Eine Rückblick auf die Berlin Art Week.

Die Kunst hat jetzt auch ihre Fanmeile. Sie heißt – oh Wunder! – Auguststraße und demonstrierte zum Auftakt der Berlin Art Week vergangene Woche eindrucksvoll, was geschieht, wenn man in dieser Stadt ein Stück öffentlichen Wegs absperrt und ein paar Bierbuden aufstellt: Es wird gefeiert. Nicht alle kannten den Grund dafür, aber egal. Die ewig besetzte Auguststraße 10 installierte flugs einen Infotisch mit politischen Manifesten, gegenüber konkurrierten die fetten Beats einer mobilen Bühne mit dem offiziellen Showprogramm, und in der dicht gedrängten Menge bot ein fliegender Händler „die letzten Art-Week-Taschen“ aus vermutlich dubioser Quelle an.

Der Senat kann zufrieden sein. Rein quantitativ wirkt die Finanzspritze für den Berliner Kunstherbst wie ein Aufputschmittel. Drei Kunstmessen mit differenziertem Programm, ein Dutzend Eröffnungen in Institutionen und freien Projekträumen, ein Kunstpreis sowie unzählige Off-Events: Das Angebot war selbst für Privatleute nicht zu bewältigen. Zwar fand jede Veranstaltung ihr Publikum, vom massentauglichen Straßenfest bis zum exklusiven Dinner, für das zehn Berliner Sammler je zehn Gleichgesinnte auf internationalem Niveau einluden, um mehr potenzielle Käufer in die Stadt zu locken. An den Rändern der 60 000 Besucher anziehenden Berlin Art Week ließ sich allerdings auch ein gewisser Sättigungsgrad ablesen: In der Überfülle zogen nur die offensichtlichen Events. Leiseres, oft Einfallsreicheres, ging leer aus.

So birgt die große Offensive auch eine Gefahr. Kunst, das weiß man, gibt es in Berlin von Dahlem bis Lichtenberg das ganze Jahr. Der Grund für die Fokussierung auf den Herbst aber hatte ursprünglich einen konkreten Grund: Mit dem Art Forum, der ersten Berliner Kunstmesse, sollte Mitte der neunziger Jahre eine Plattform für den Handel geschaffen werden. Damals wie heute machen vor allem Berlins Galeristen sichtbar, was in der Stadt künstlerisch gerade passiert. Das Art Forum gibt es nicht mehr, wohl aber drei alternative Messeformate, die sich weiterhin ungeheuer anstrengen.

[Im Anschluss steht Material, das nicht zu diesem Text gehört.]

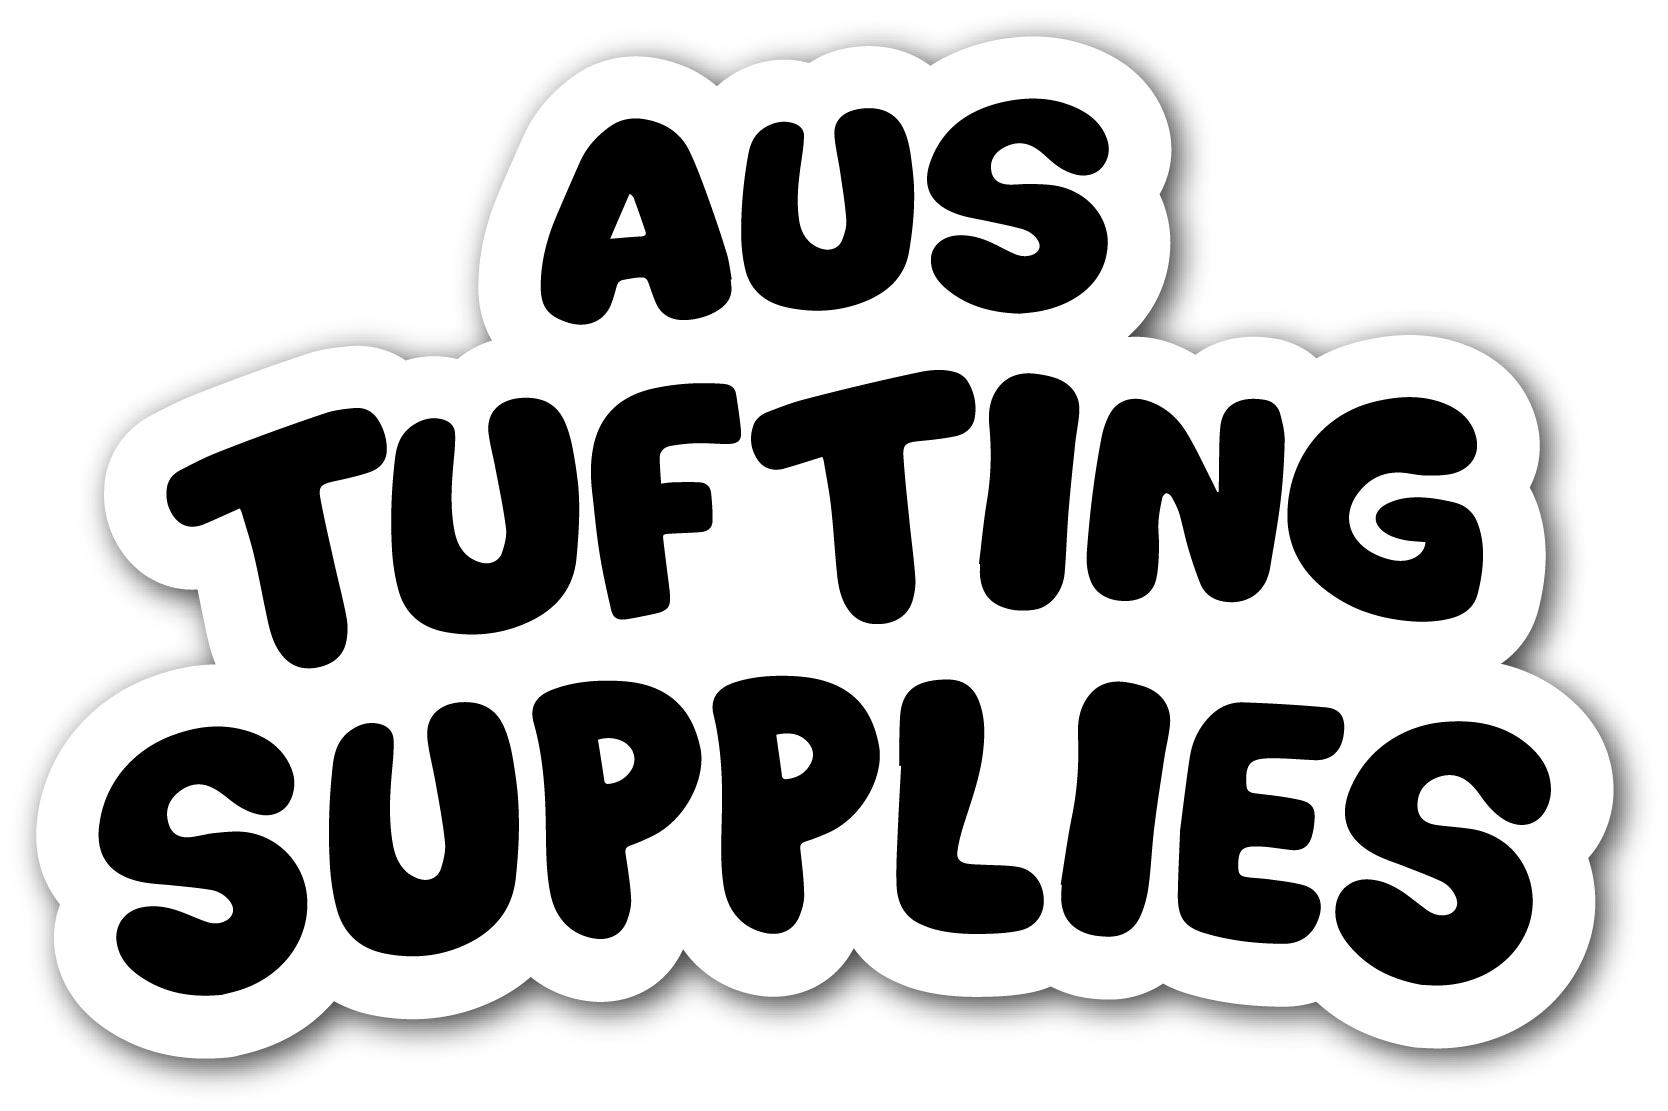 Premium Rug Tufting Machines & Supplies – Aus Tufting Supplies

Mit Erfolg: Wer auf der Preview oder der Liste überzeugende Arbeiten im unteren Preissegment anbot, der durfte in den vergangenen Tagen rote Punkte kleben. Die ABC spielt, auch weil die umsatzstärksten Galerien der Stadt teilnehmen, in einer höheren finanziellen Liga. Für jene Galeristen aber, die aus Tokio, New York oder Schanghai anreisen, bleibt die Teilhabe am Kunstherbst ebenso ein großes Wagnis wie für jene, die ohnehin bescheiden haushalten oder aber aufwendige Projekte verwirklichen. Für sie gesellt sich nun zur Konkurrenz um die Käufer noch der Kampf um Aufmerksamkeit.

Was also hält die Berlin Art Week im zweiten Jahr ihrer Kooperative zusammen? Wenig mehr als ihre Dachmarke, muss man feststellen. Dass sich darunter noch vier Institutionen verbünden, um aktuelle Malerei zu inszenieren, lenkt die Aufmerksamkeit einmal mehr um. „Painting forever!“ überstrahlte als Motto das vielfältige Angebot. Dabei sah manches ganz schön zusammengeschustert aus und wird richtig ärgerlich, wenn nicht einmal mehr Kuratoren die Berliner Szene goutieren, sondern sich aus den Galerien Abbildungen schicken lassen, um anschließend wie aus dem Katalog die Werke für ihre Präsentationen zu bestellen.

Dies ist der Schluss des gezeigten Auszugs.